Widely used screen printing production of polycrystalline silicon solar cells - solar cells, process - screen printing industry, especially

Widely used screen printing production of polycrystalline silicon solar cells - solar cells

, process - screen printing industry, especially

Abstract: The large-scale development and use of photovoltaic solar power, photovoltaic cells to improve conversion efficiency and reduce production costs is the heart of the people on the solar cells in recent years further in-depth theoretical knowledge, improvement of production technology, IC technology penetration and the emergence of the new structure of the battery, the battery efficiency is greatly improved, large-scale production, the conversion efficiency of polycrystalline silicon cells have been close to the silicon solar cell, amorphous silicon cells in the stability problem is not made great progress, the polysilicon people pay attention to the battery, the world production is close to single crystal silicon, polycrystalline silicon solar cells this process the current development process and were from the laboratory scale production were compared in the system description. Introduction

1 We all know, there are many advantages of using solar energy, photovoltaic power generation will provide the main man Energy But the current situation, to make solar power a large market, is the general consumer acceptance and improve solar cell efficiency, reduce cost of production should be our overriding goal, from the current development of the international solar cell its development trend can be seen silicon, polycrystalline silicon, ribbon silicon, thin film materials (including microcrystalline silicon thin films, compound-based thin film and dye film). From industrial development, it has been the focus of single-crystal to polycrystalline direction, mainly due to; [1] the beginning and end of solar cell materials can supply less and less; [2] in terms of the solar cell, a square substrate is more cost-effective, by direct coagulation casting method and obtained direct access to a square polysilicon materials; [3] of polysilicon production technology continue to make progress, casting furnace automatic production cycle of each (50 hours) can produce over 200 kg ingots, grain size of up to centimeter level; [4] As the silicon technology of the past decade and has developed rapidly, in which technology was used in the production of polycrystalline silicon cells, such as selective etching the emitter, back surface field, corrosion suede , surface and bulk passivation, thin metal gate electrode, using wire Print Technology enables the gate electrode width down to 50 microns to 15 microns high, rapid thermal annealing technology for polysilicon production process can significantly shorten the time, single-chip thermal process time can be completed within one minute, using the technology in 100 square centimeters of silicon chip to make the cell conversion efficiency of over 14%. It was reported that 50 to 60 micron silicon substrate produced more than 16% cell efficiency. Mechanical groove, screen-printing technology in the 100 cm2 polycrystalline on the efficiency of more than 17%, no mechanical groove in the same area on the efficiency of 16%, with buried gate structure, machinery and groove in the 130 cm2 polycrystalline on cell efficiency of 15.8%.

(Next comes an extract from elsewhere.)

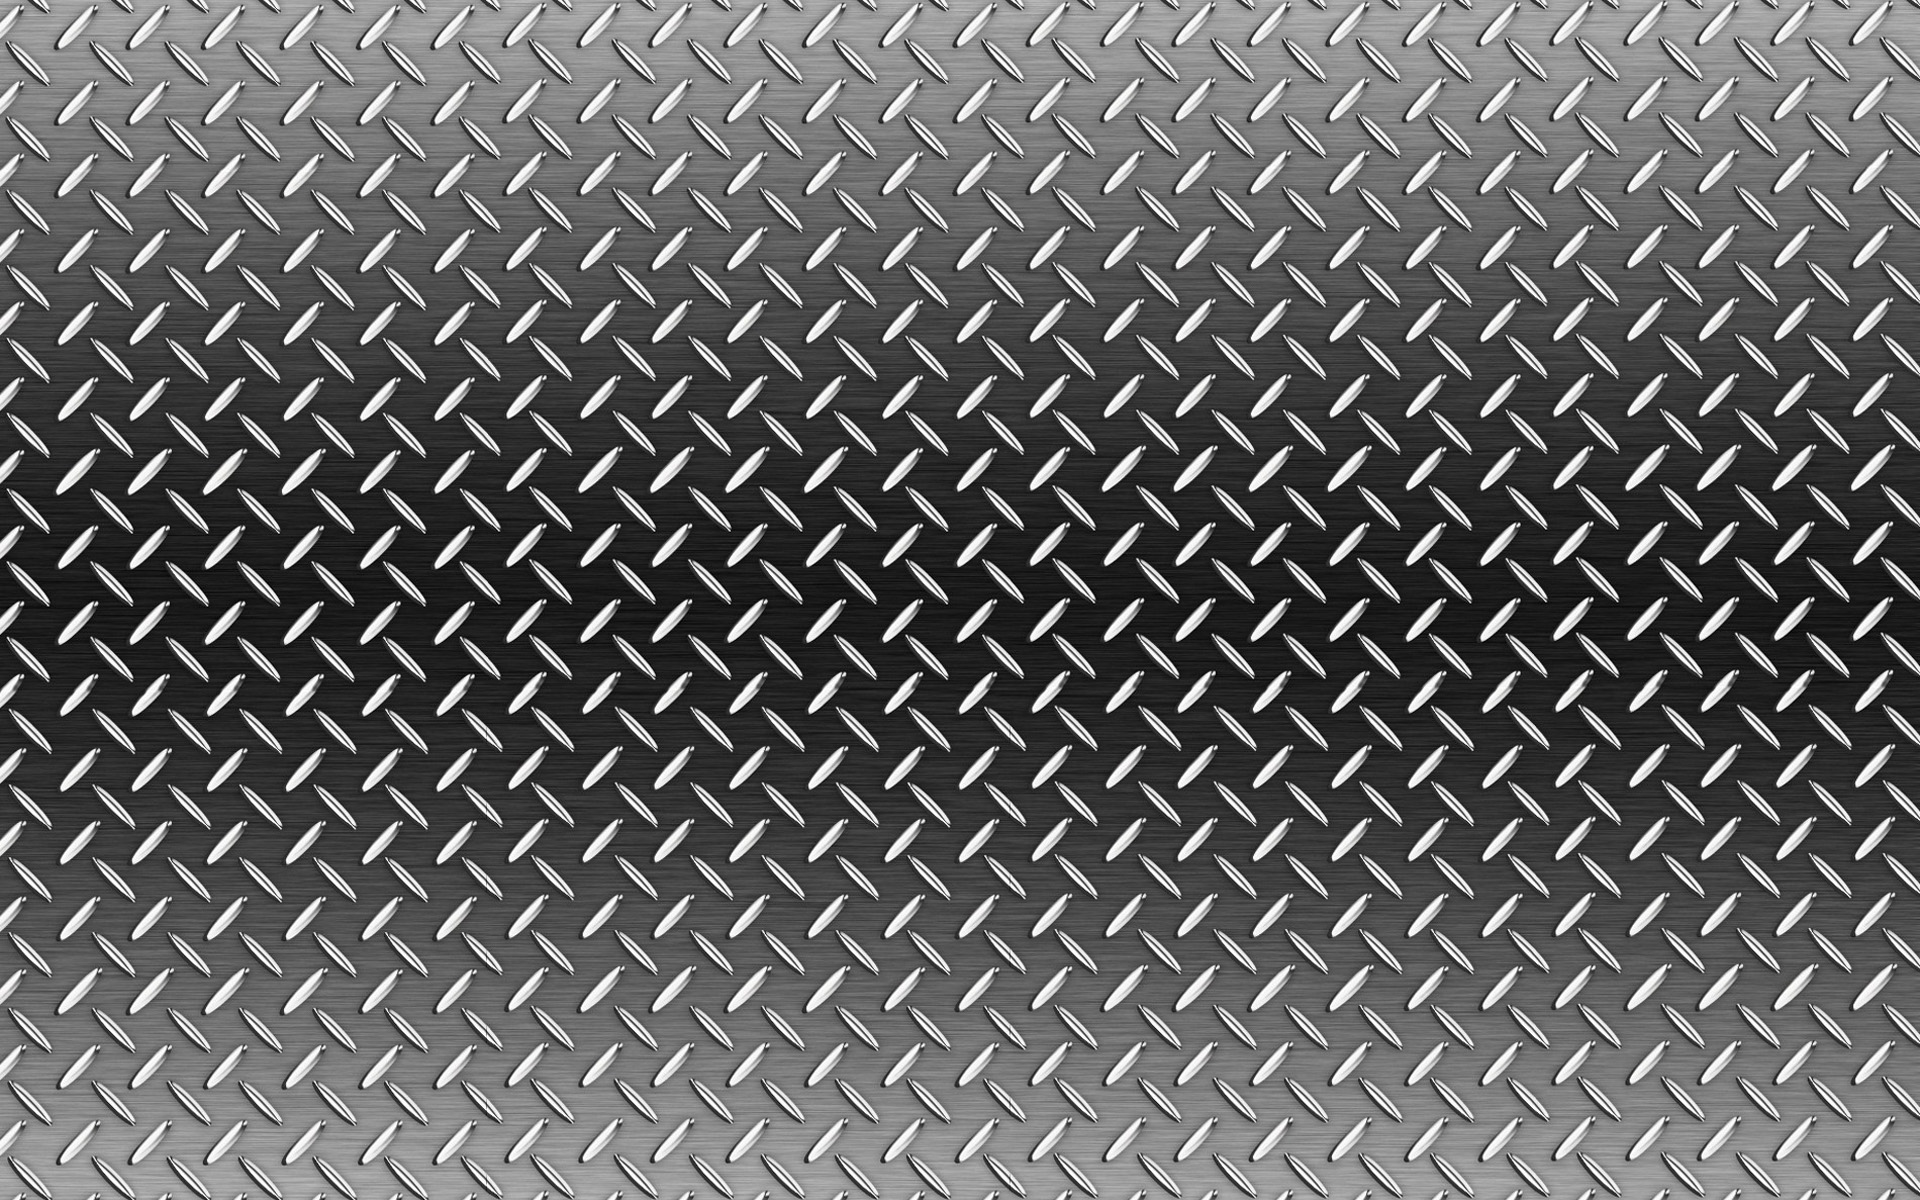 Download wallpaper gray metal plate, macro, metal textures, gray metal background, metal plate, grunge, metal background for desktop with resolution 1920x1200. High Quality HD picture wallpaper

The following two aspects of the polysilicon from the battery technology for discussion.

2. Laboratory efficient battery technology Laboratory techniques often do not take into account the cost of battery production and mass production can only achieve maximum efficiency of the method and means to provide specific materials and processes that can reach the limit.

2.1 on the absorption of light

Mainly for light absorption: (1) reduce the surface reflection; (2) to change the path of light in the cell body;

(3) using the back reflected. For silicon, method of application of anisotropic chemical etching in (100) surface produced textured pyramid-shaped, lower surface light reflection. But silicon crystal to deviate from the (100) surface, using the above method can not make even the suede, the current use of the following methods:

[1] laser groove Groove laser method can be produced in the polysilicon surface, inverted pyramid structure, in 500 ~ 900nm wavelength range, reflectance was 4 to 6%, with double-layer antireflection coating surface produced considerable.

At (100) reflection of silicon chemical production rate of 11% of the flock. Produced by laser textured surface than in the smooth double-layer antireflection coating film (ZnS/MgF2) short circuit current to increase by about 4%, mainly long-wave light (wavelength greater than 800nm) the reasons for slanting into the battery. Laser production of suede problem is in the etching, the surface damage caused by the introduction of a number of impurities at the same time, by chemical treatment to remove surface damage layer. Solar cells made by this method are usually higher short circuit current, open circuit voltage is not high, mainly due to the battery surface area increased, the recombination current increase.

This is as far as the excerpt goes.